1) Les médias et la société du spectacle
La société de communication a changé les rapports entre l’émetteur et le récepteur dans la
mesure où elle utilise des procédés beaucoup plus subtils que la propagande politique
primaire, qui provoque des réactions négatives et sélectives.
-> Guy Debord, La société du spectacle : notre société ne fonctionne que sur une
immense accumulation de spectacles et de représentations. Le vécu serait complètement
dévoré par la représentation ( exemple : le “diktat“ des marques ). Selon cette approche,
les citoyens deviennent de simples consommateurs de marchandises.
Pour Vaneigen ( Traité de savoir-vivre à l’usage des jeunes générations ), « ceux qui parlent
de communication quand il n’y a que des rapports de choses répandent le mensonge et le
malentendu, réifient davantage ».
Edgar Morin parle lui de “l’industrialisation des âmes“.
Baudrillard : dans la société du spectacle, « nous sommes dans le règne du simulacre,
cadre dans lequel la frontière entre le vrai et le faux peut devenir indécelable ».
Voir aussi Umberto Eco, L’ère du faux.
Le poids de l’outil de médiation aboutit à l’idée selon laquelle la réalité telle qu’on peut
l’imaginer objectivement se voit substituer de simples représentations du réel.
Exemples :
Timisoara. En décembre 1989, les “soviétologues“ pensaient que le retour en arrière
des régimes soviétiques n’était pas possible. Or, le totalitarisme de l’est s’effondre.
L’un des pays qui restent est la Roumanie ; une révolution éclate. Dans une logique
d’inflation, les médias multiplient les hypothèses sur le nombre de morts. C’est dans
ce contexte que l’on découvre le charnier de Timisoara, dont toute la presse s’empare.
En fait, ce charnier n’existait pas ; il s’agissait de restes chirurgicaux d’un hôpital situé
pas loin. L’agenda médiatique a fait que tous les journaux se sont précipités sur cette
nouvelle. Les rapports internationaux estiment le nombre de victimes de la révolution
roumaine à 766. Or, les médias, à l’époque, ont multiplié ce chiffre par 100 environ.
Pendant ce temps, les Etats-Unis faisaient 4000 morts en intervenant au Panama, mais
personne n’en parlait.
la première guerre du Golfe ( à la suite de l’intervention de l’Irak au Koweït ).
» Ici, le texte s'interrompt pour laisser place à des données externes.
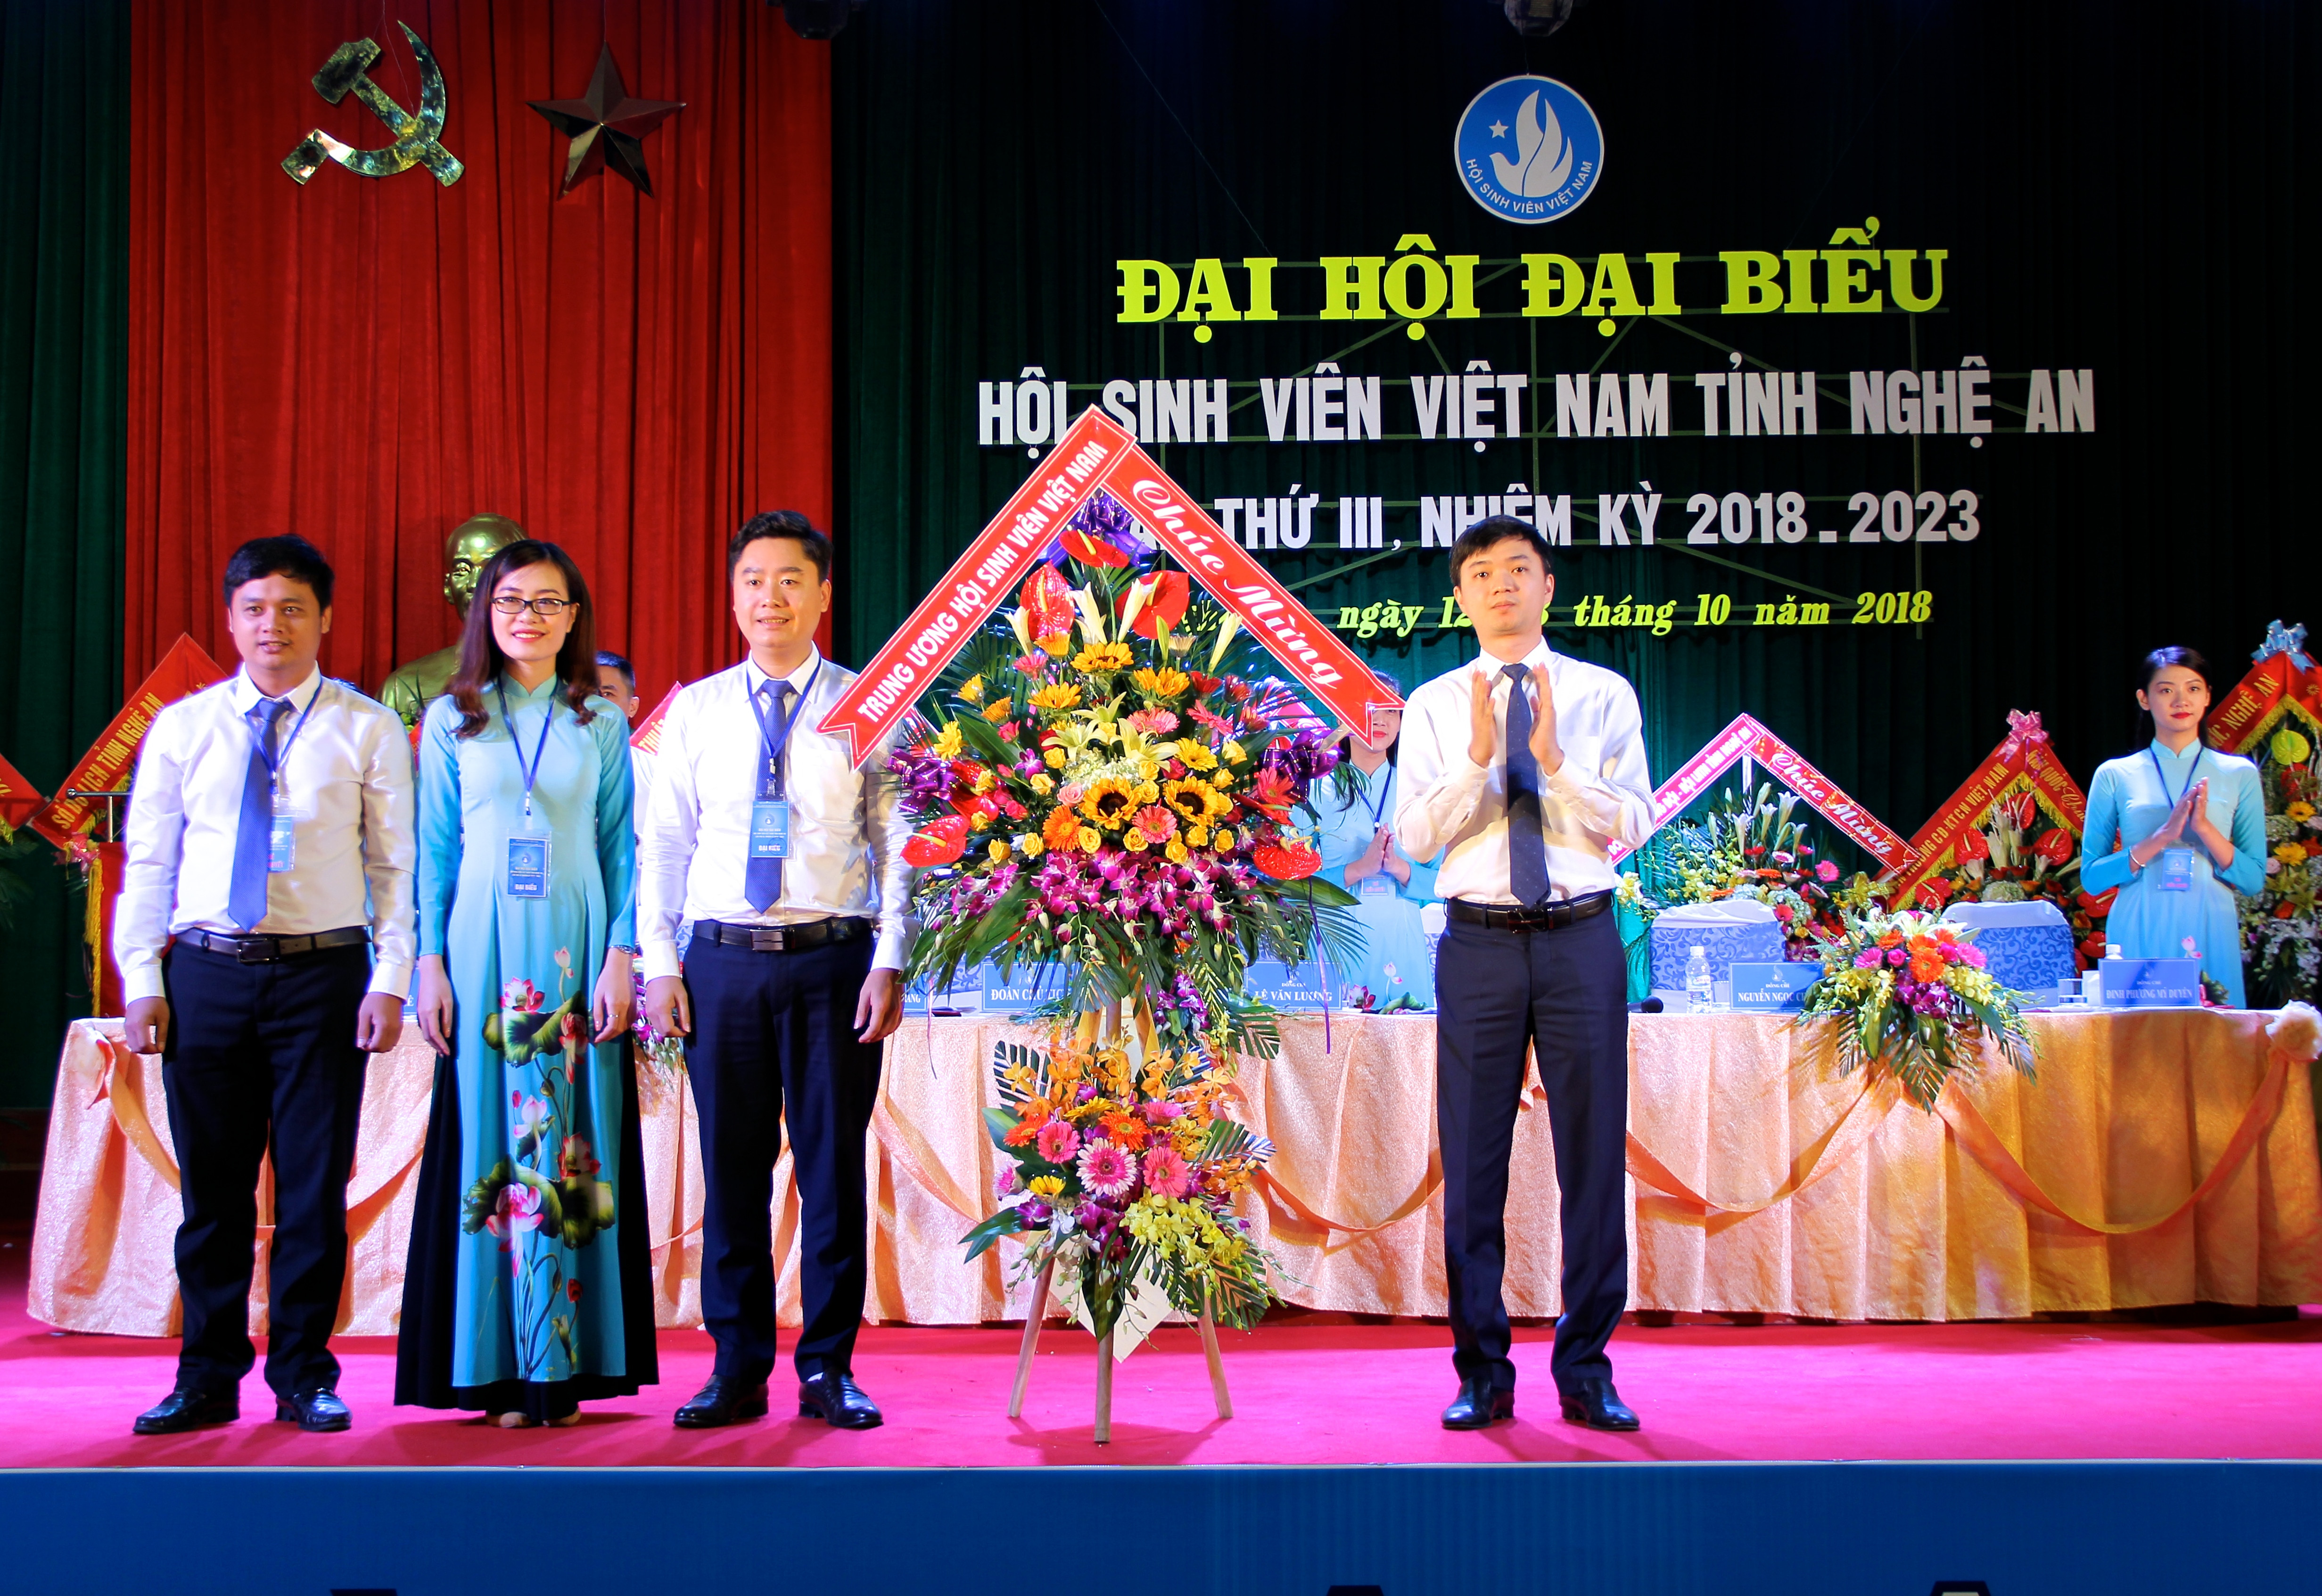 Trung ương Hội sinh viên Việt Nam trao tặng lẵng hoa cho Ban Chấp hành Hội Sinh viên Nghệ An khóa III. Ảnh: Mỹ Nga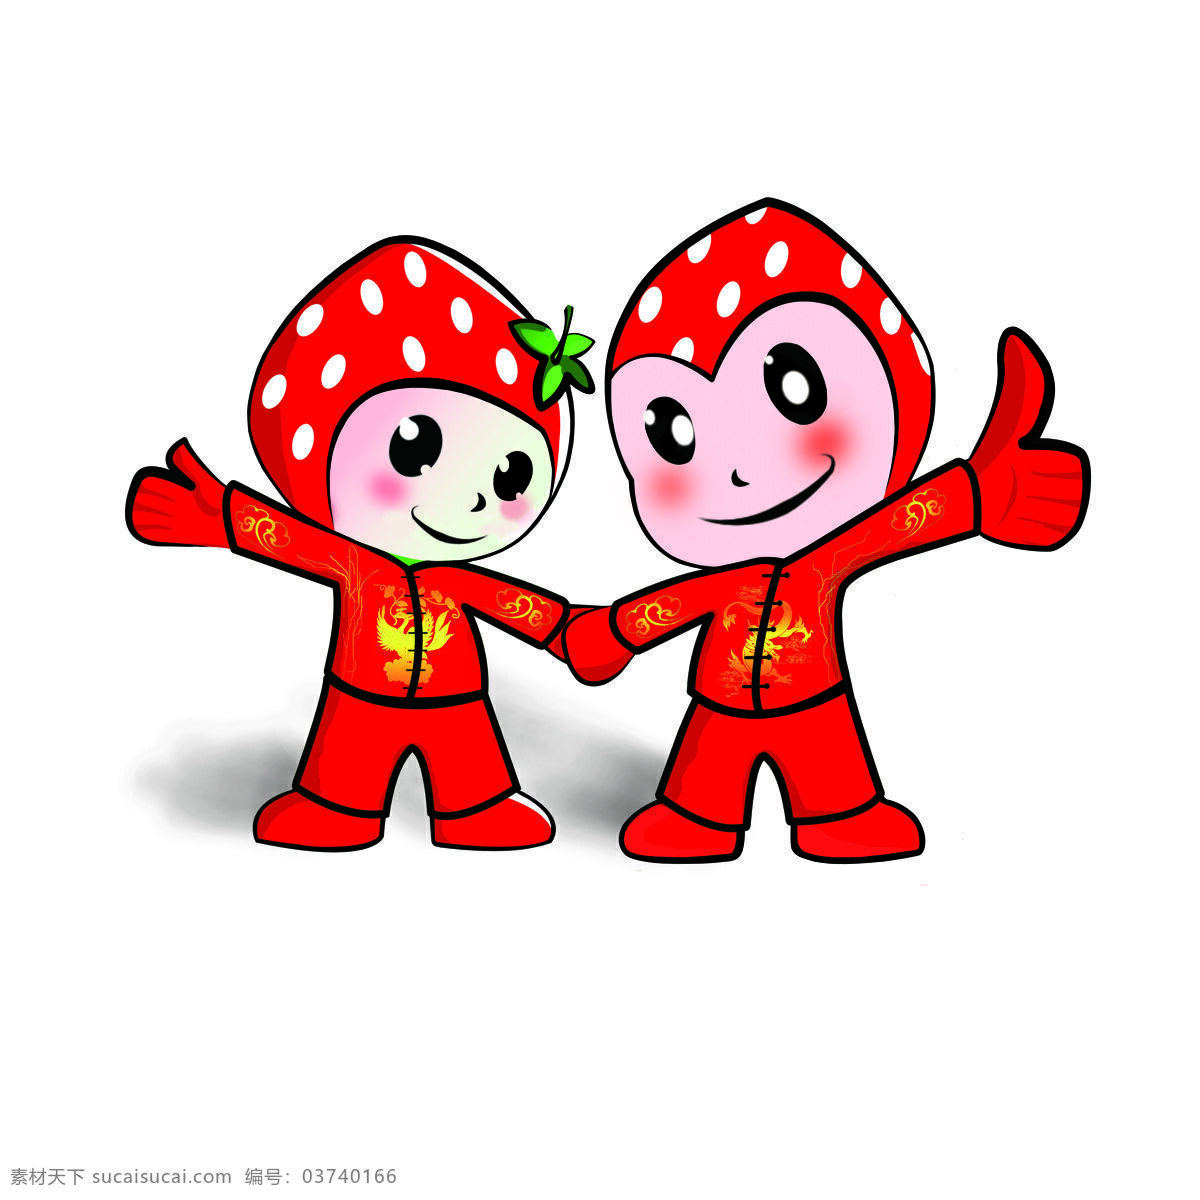 草莓公仔 草莓 草莓娃娃 草莓卡通 卡通草莓 卡通 水果 卡通水果 动漫动画 白色

Cette guerre, dont on a aucune image, a été qualifiée de “guerre propre“, de
“guerre chirurgicale“. Or, elle a fait approximativement 200 000 morts,
essentiellement dans la population civile. On s’accorde à dire que, postérieurement à
la guerre, l’embargo a causé 1 million de victimes.
la guerre de Bosnie. Les hypothèses inflationnistes vont bon train, et sont, là
encore, totalement déconnectées de la réalité.
2) L’approche médiologique
Selon l’approche médiologique, c’est le médium qui l’emporte sur les messages, c’est la
technologie médiatique qui définit le modèle de communication à chaque grande étape
historique. On pourrait distinguer trois grandes périodes :
la période de la tradition orale, que Régis Debray qualifie de “logosphère
la “galaxie Gutenberg“ ( MacLuhan ) ou civilisation de l’écrit ( graphosphère“ )
l’âge de la toute puissance de l’image et de l’électronique ( vidéosphère ). Pour
Debray, il n’y a pas de mémoire car il n’y a pas d’écrit.